I do quite a bit of venison jerky, but it does have a limited life, because it generally gets eaten pretty quickly.

My next project is to try pemmican. I keep hoping that it's going to be something really good to eat, but the realist in me say's that it's just a indian MRE. I hope I'm pleasantly surprised. 

I've done hardtack, and while it's edible, it's not my first choice in bread, but if it's got to keep a while, it's alright. It is pretty good if you dip it in a soup made out of jerky though...


----------



## zombieresponder (Aug 20, 2012)

I haven't gotten into meat curing yet, but I will eventually build a smokehouse. I need to look into making biltong, which is sort of like jerky but supposedly keeps a lot better.


----------



## OldCootHillbilly (Jul 9, 2010)

I been known ta cure a ham er two, make bacon, sausage an other smoked an cured meats. I do a bit a bakin, usually in a dutch oven er on a stick.


----------



## Caribou (Aug 18, 2012)

I used to bake my own bread, rolls, cookies etc but it became too expensive and time consuming so I mostly gave it up. I understand, a couple cups of flour doesn't cost much but when you factor in a gym membership, doctors visits, and diet pills it adds up.  Seriously though, the wife and I do eat way more bread if we make it.

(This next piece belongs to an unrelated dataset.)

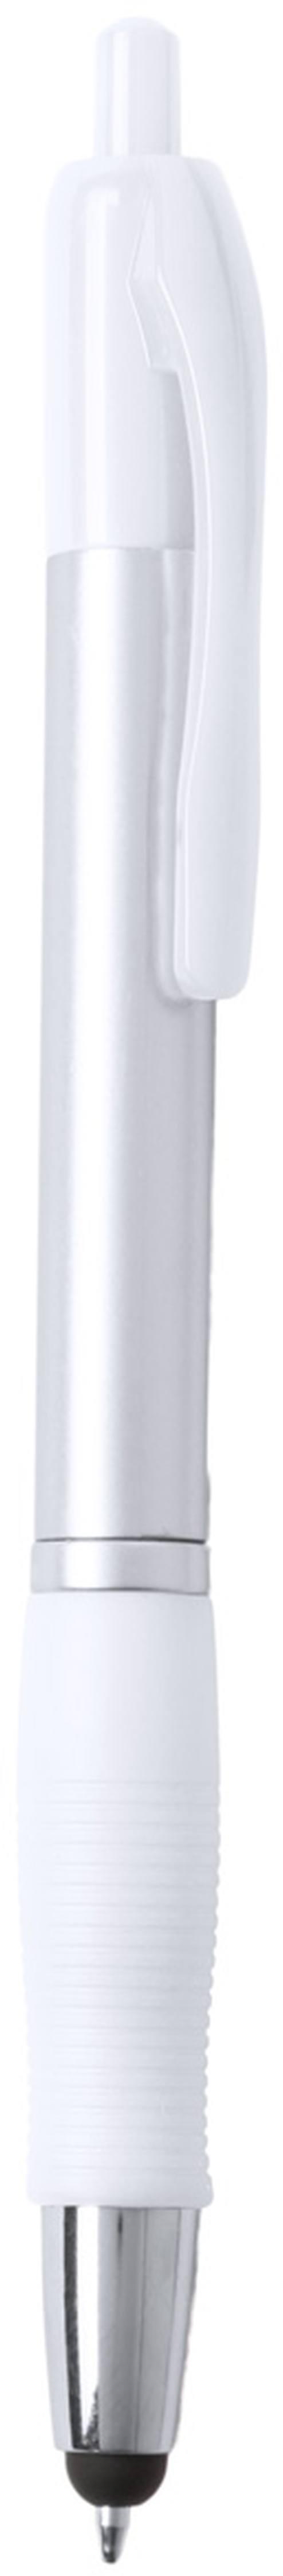 Clurk dotykové kuličkové pero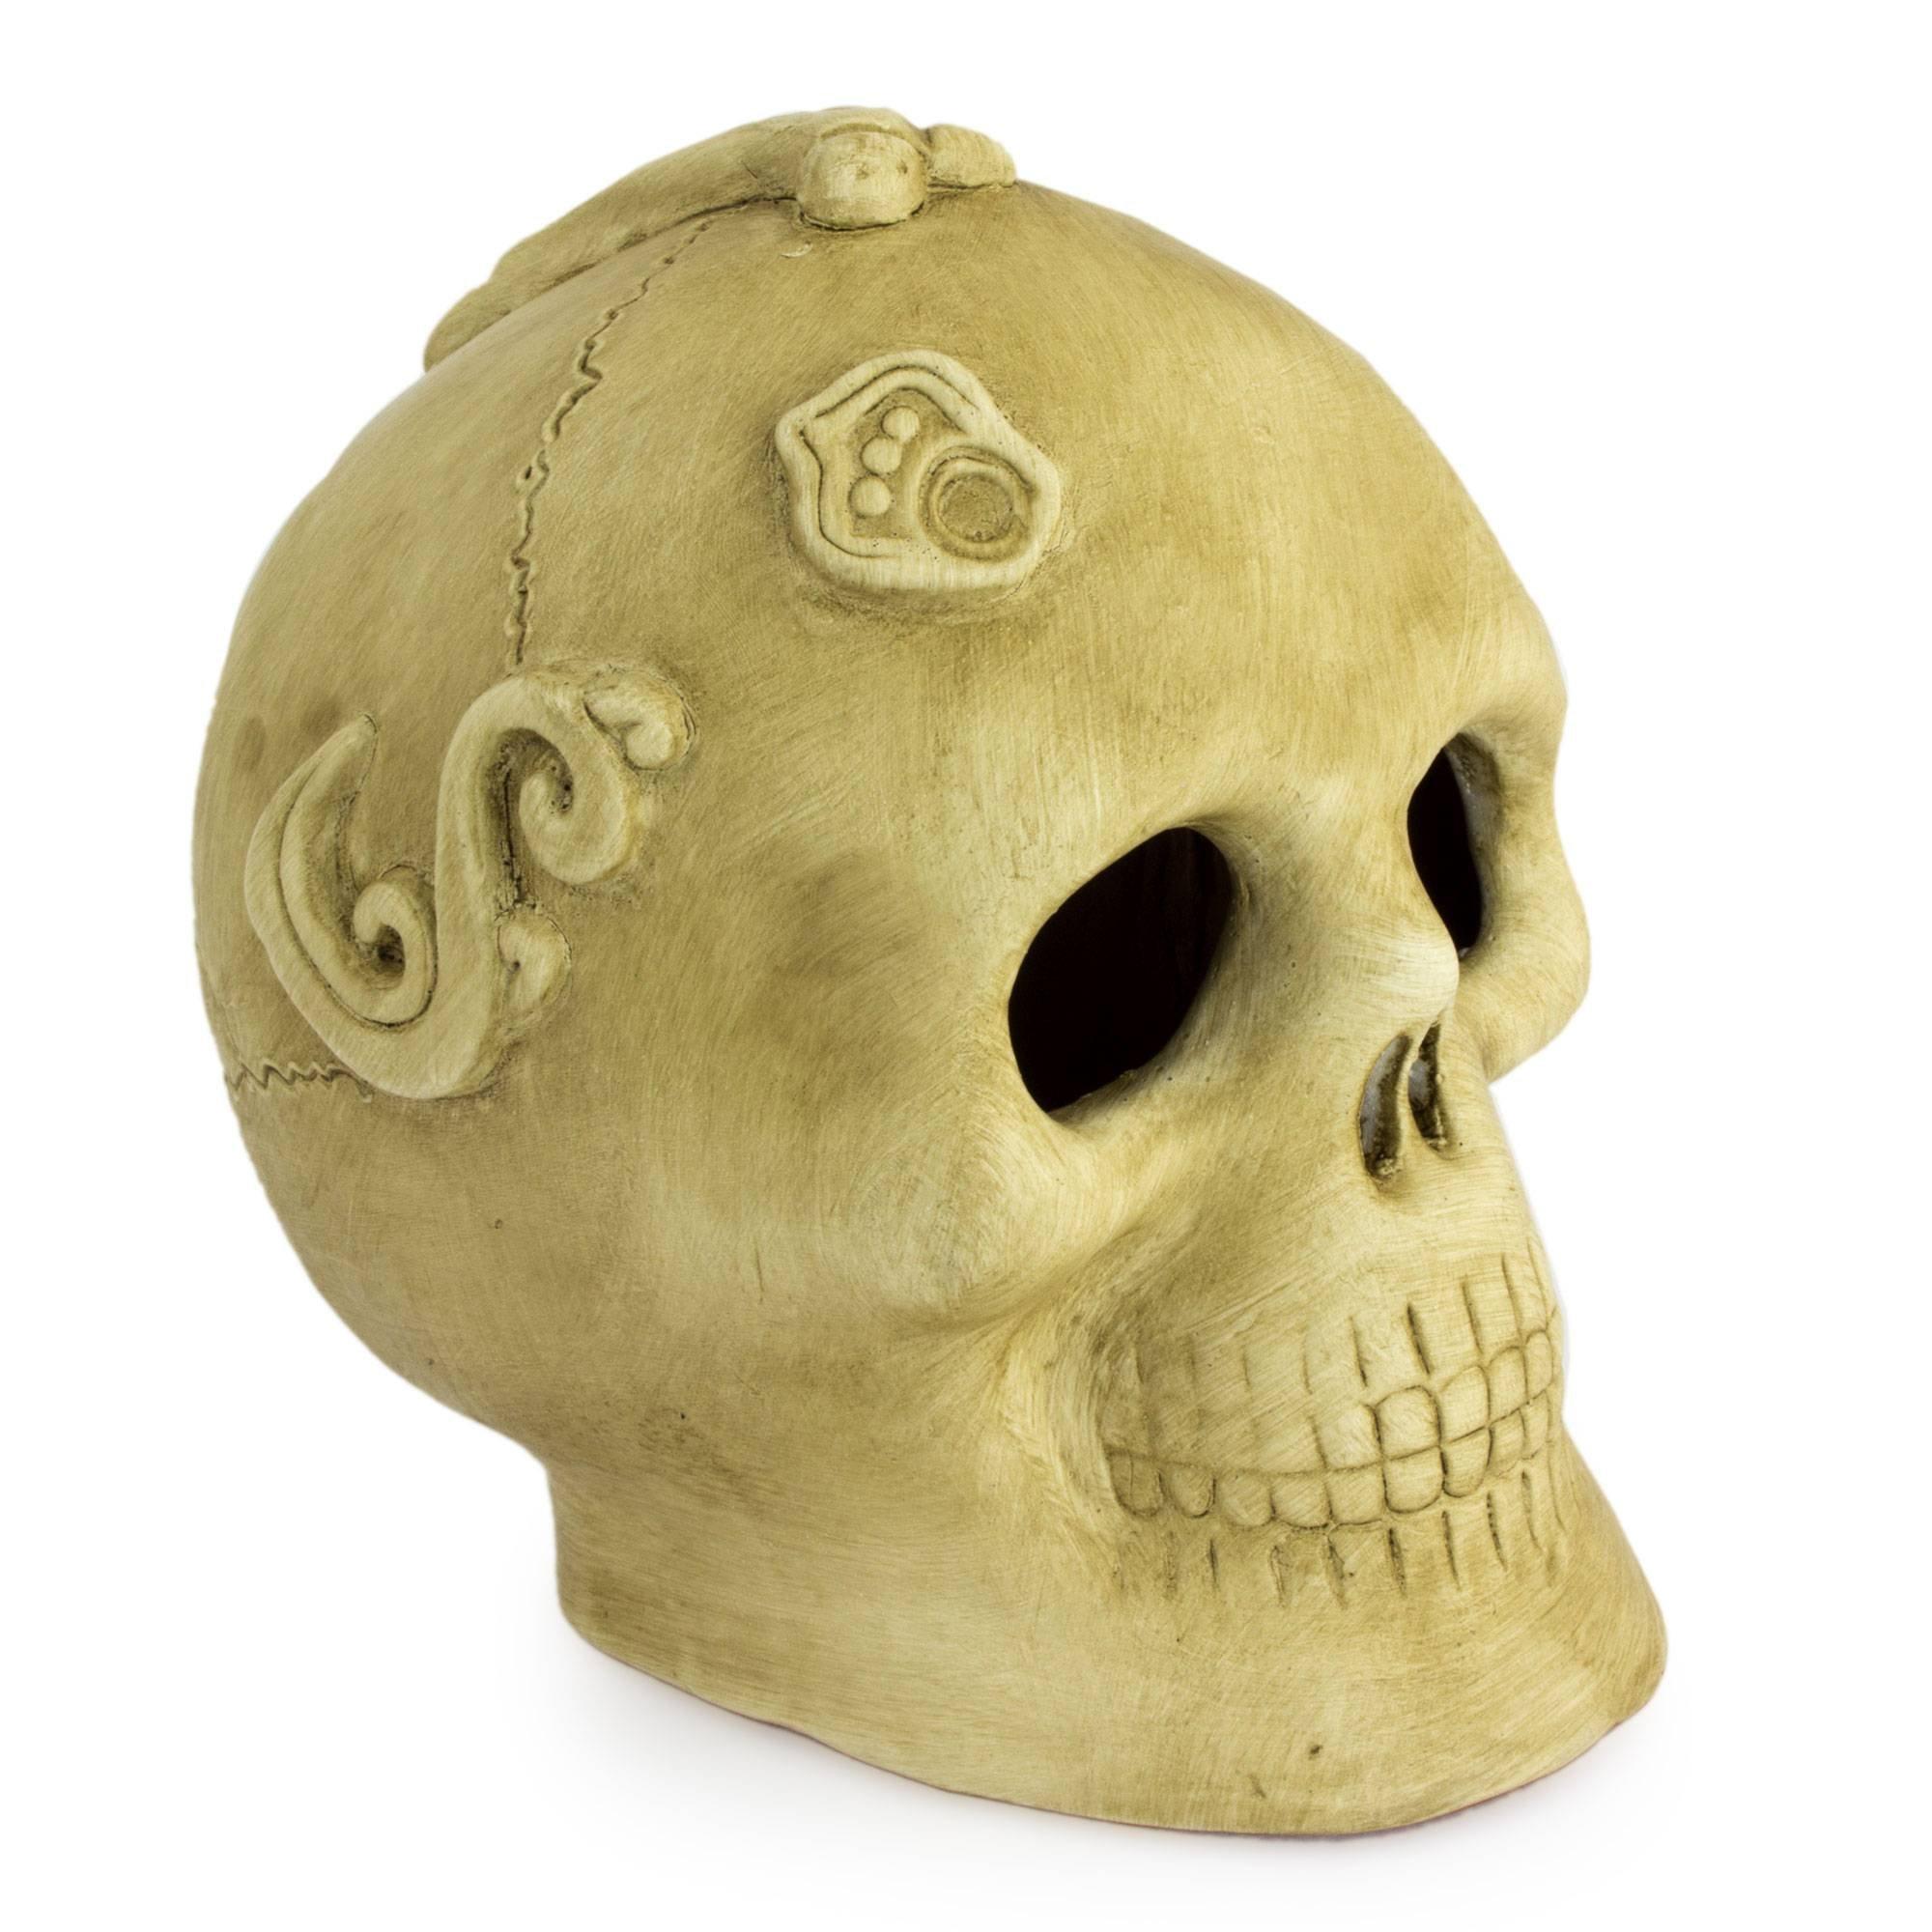 NOVICA Beige Skull Ceramic Figurine, 6'' Tall, Ivory Offering'

Smoked salmon, and corned moose or caribou are some of my favorites. The hardest part of making sauerkraut is waiting for it to be ready. I am given enough jams and jellies that I don't bother anymore. I've toyed with cheese a little but only the soft stuff like ricotta. I love my wife's pickles, I'll have to get her to make them again this year.


----------



## talob (Sep 16, 2009)

Balls004 said:


> I do quite a bit of venison jerky, but it does have a limited life, because it generally gets eaten pretty quickly.
> 
> My next project is to try pemmican. I keep hoping that it's going to be something really good to eat, but the realist in me say's that it's just a indian MRE. I hope I'm pleasantly surprised.
> 
> I've done hardtack, and while it's edible, it's not my first choice in bread, but if it's got to keep a while, it's alright. It is pretty good if you dip it in a soup made out of jerky though...


I tried my hand at pemmican, made it out of a beef brisket something really good to eat no, keep you alive maybe, hope I never have to find out, gonna try it again using venison.


----------



## JAR702 (Apr 1, 2015)

I can and dehydrate a lot of stuff but you have to check to see if it is really economical to do so. For example I bought strawberries for 50 cents/lb and dehydrated them, I dehydrated 8# of berries and got 6 ounces of dehydrated berries, it would be cheaper to buy. 
I used to make bread but I can get bread for 50 cents to $1.00 a loaf at the discount store, cheaper then making it.
BUT, I bought pork loin for $1.89/lb and made Canadian bacon, way cheaper and better then store bought.


----------